▶ **PROVIDED RECORDS**
_ _ _ _

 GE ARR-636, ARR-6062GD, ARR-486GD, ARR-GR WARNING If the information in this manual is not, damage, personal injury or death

_ _ _ _

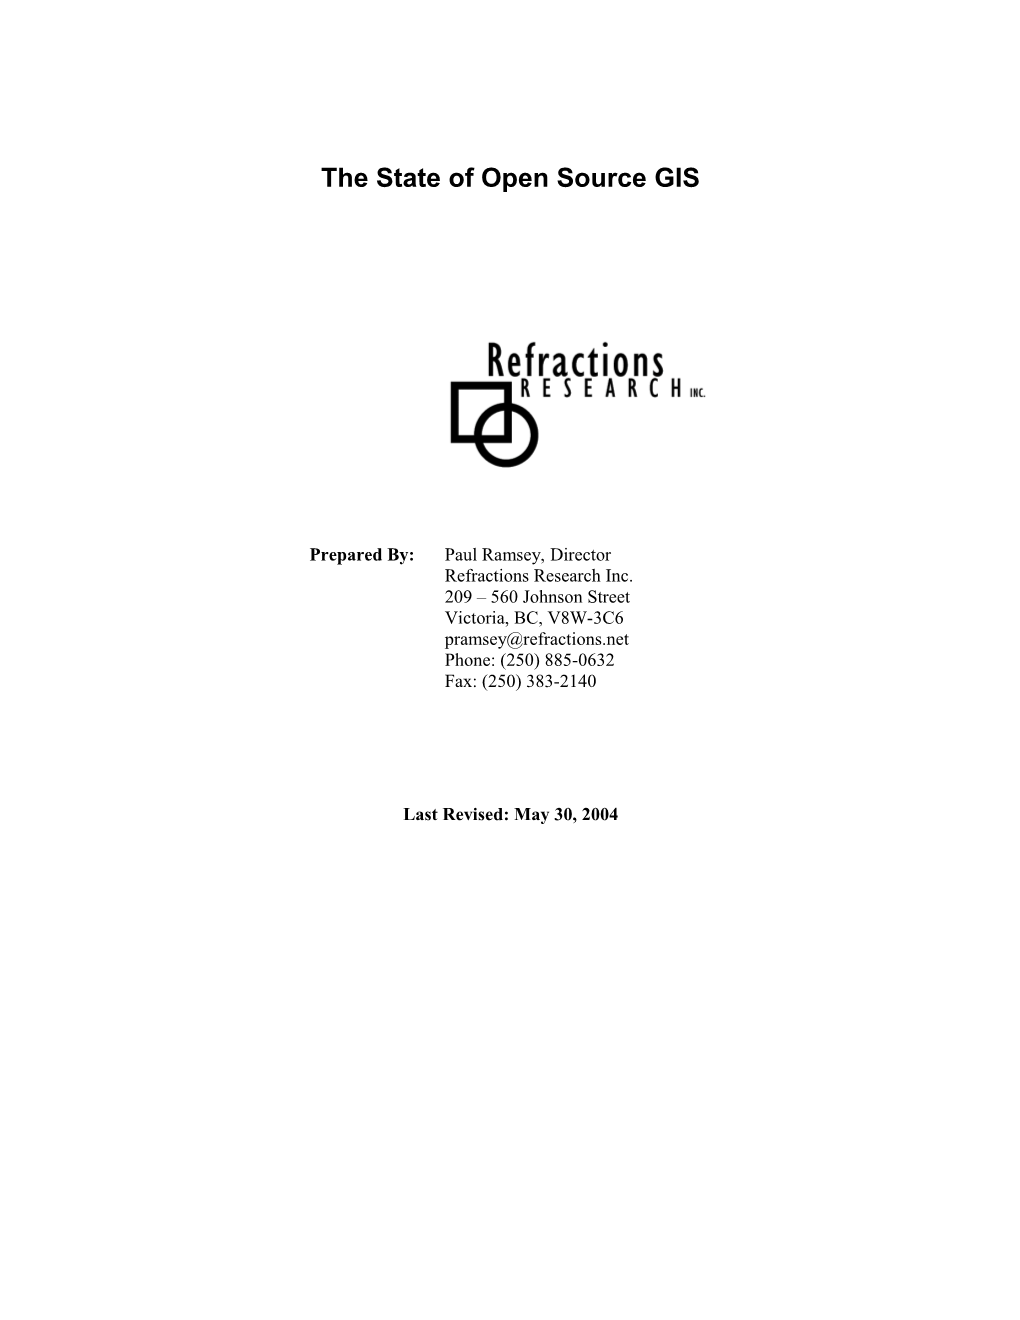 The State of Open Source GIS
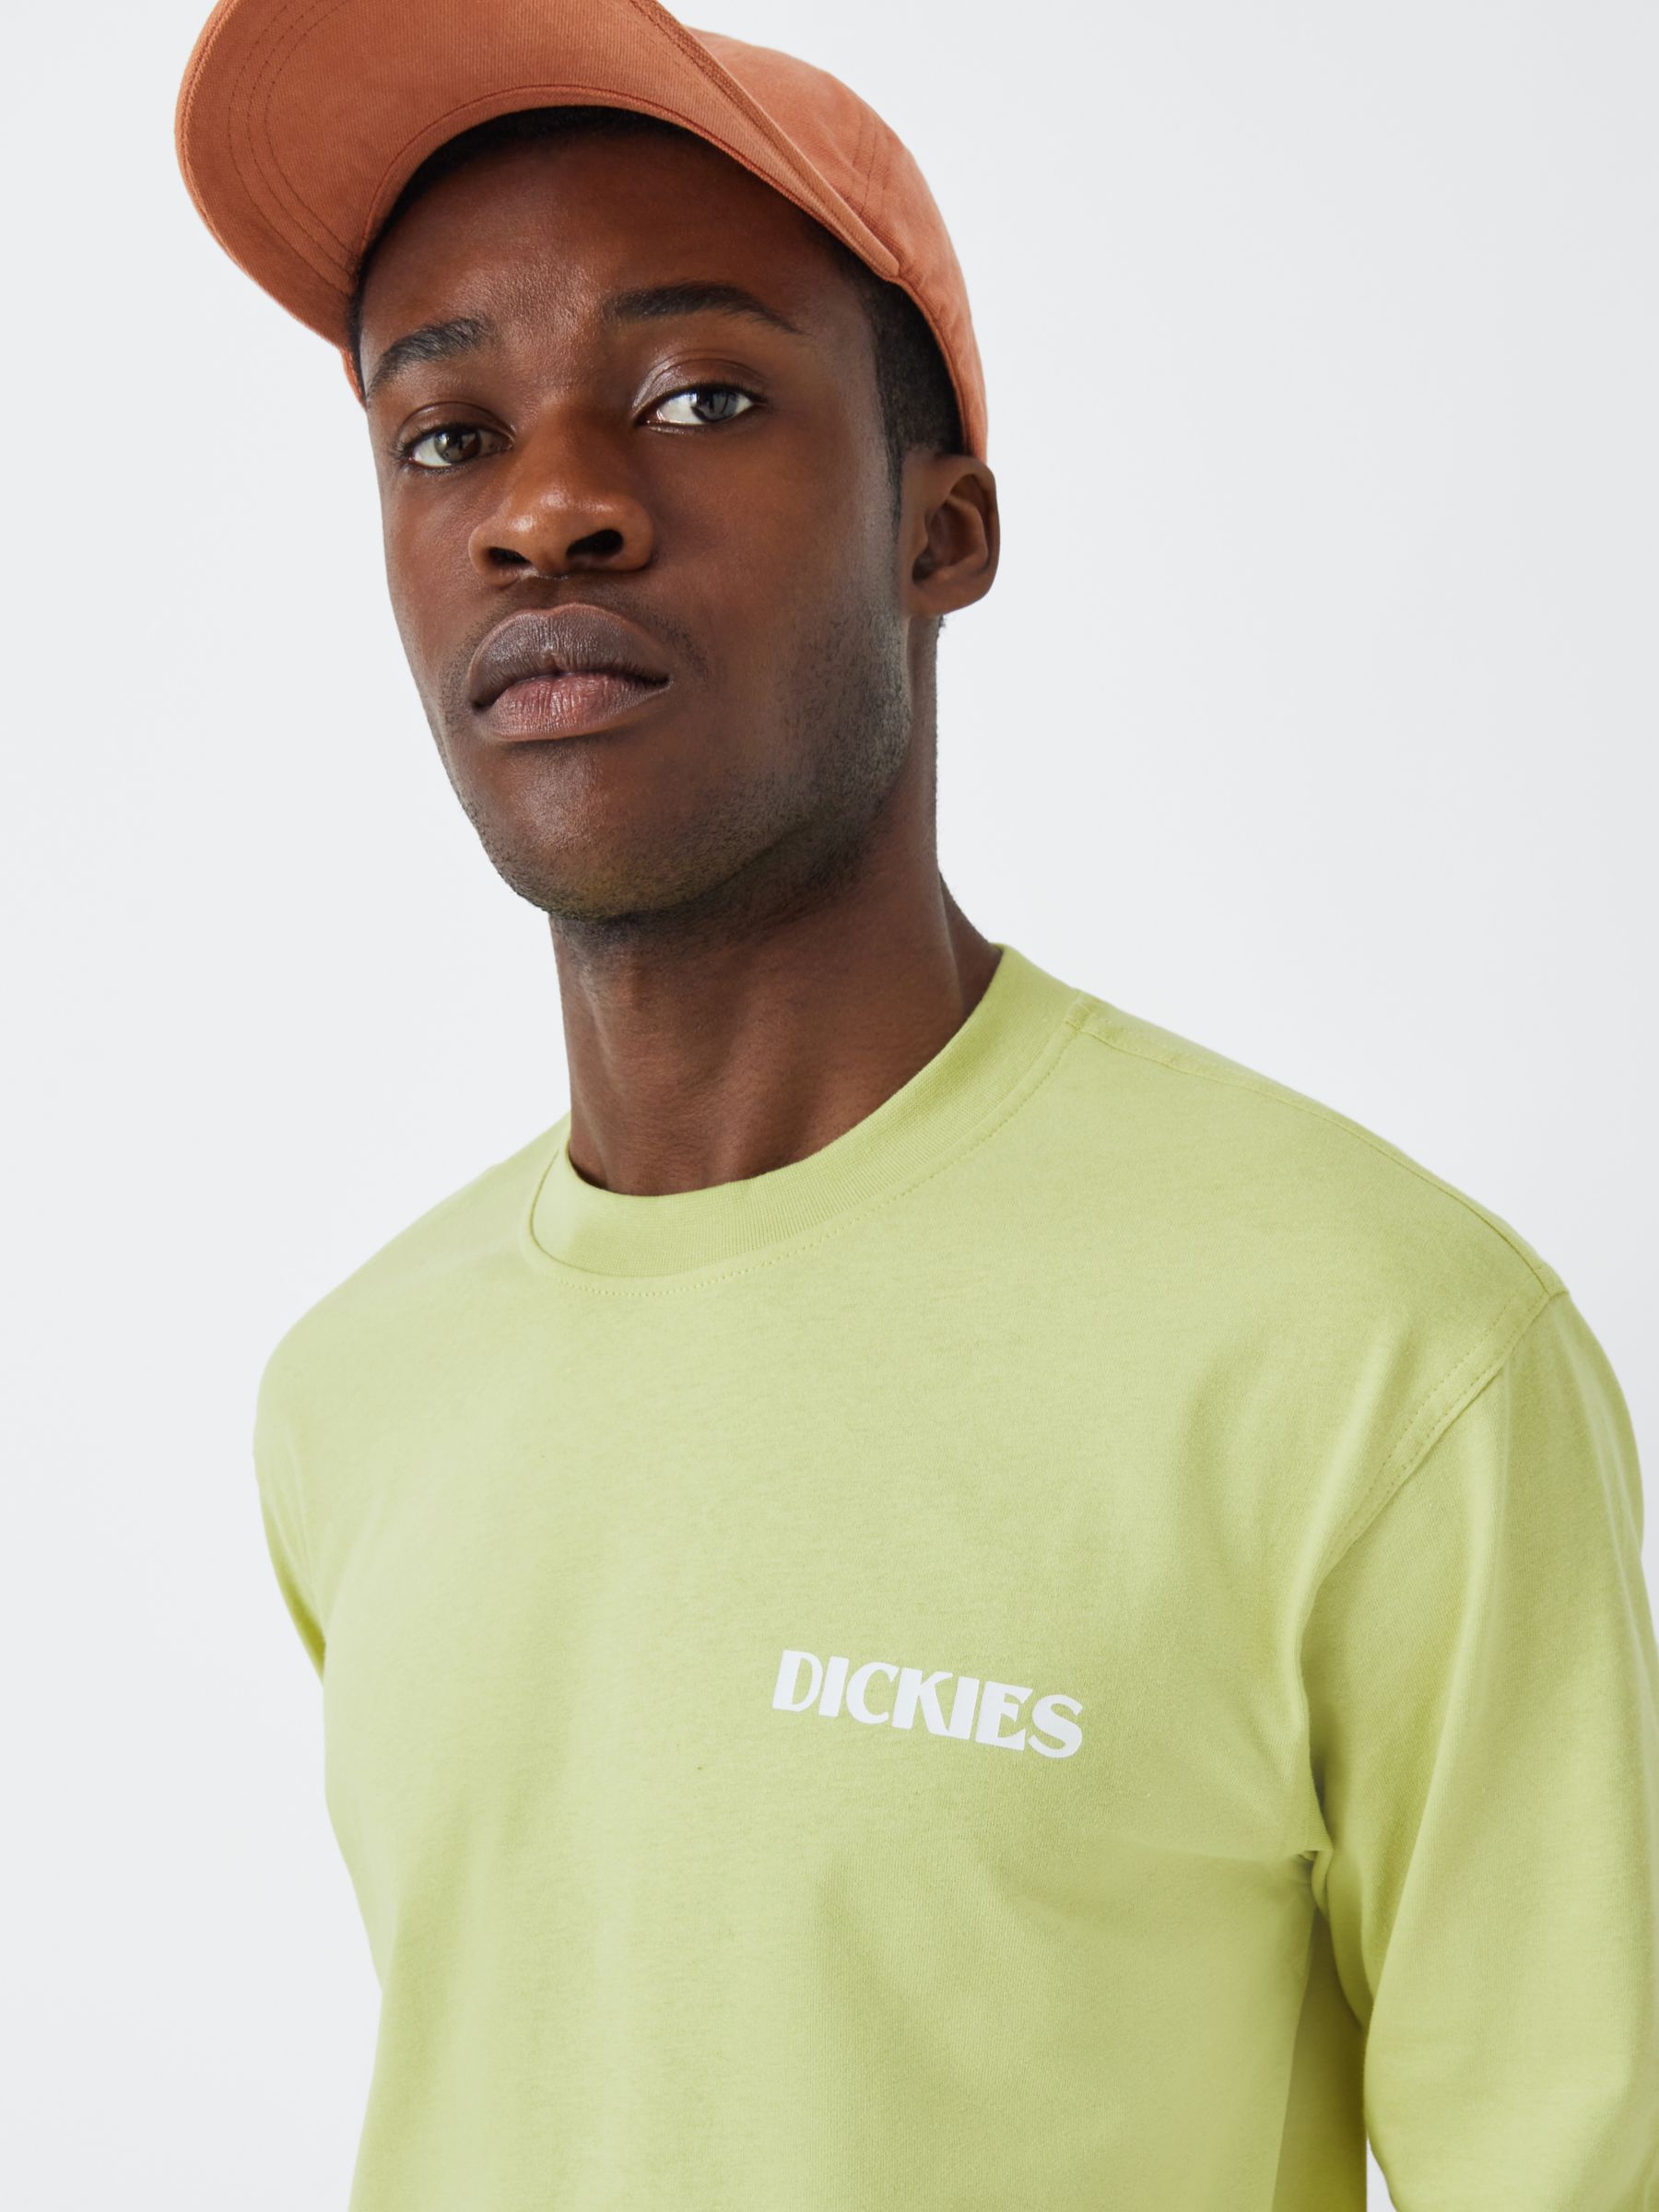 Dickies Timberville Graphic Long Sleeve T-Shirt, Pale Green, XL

_ _ _ _

▶ **WORK INSTRUCTIONS**
Working from the records above, set down word for word everything from the line containing "The State of Open Source GIS" down to the line containing "Dickies Timberville Graphic", ends included, minus the pictures.

▶ **RESULT**
 The State of Open Source GIS
 Dickies Timberville Graphic Long Sleeve T-Shirt, Pale Green, XL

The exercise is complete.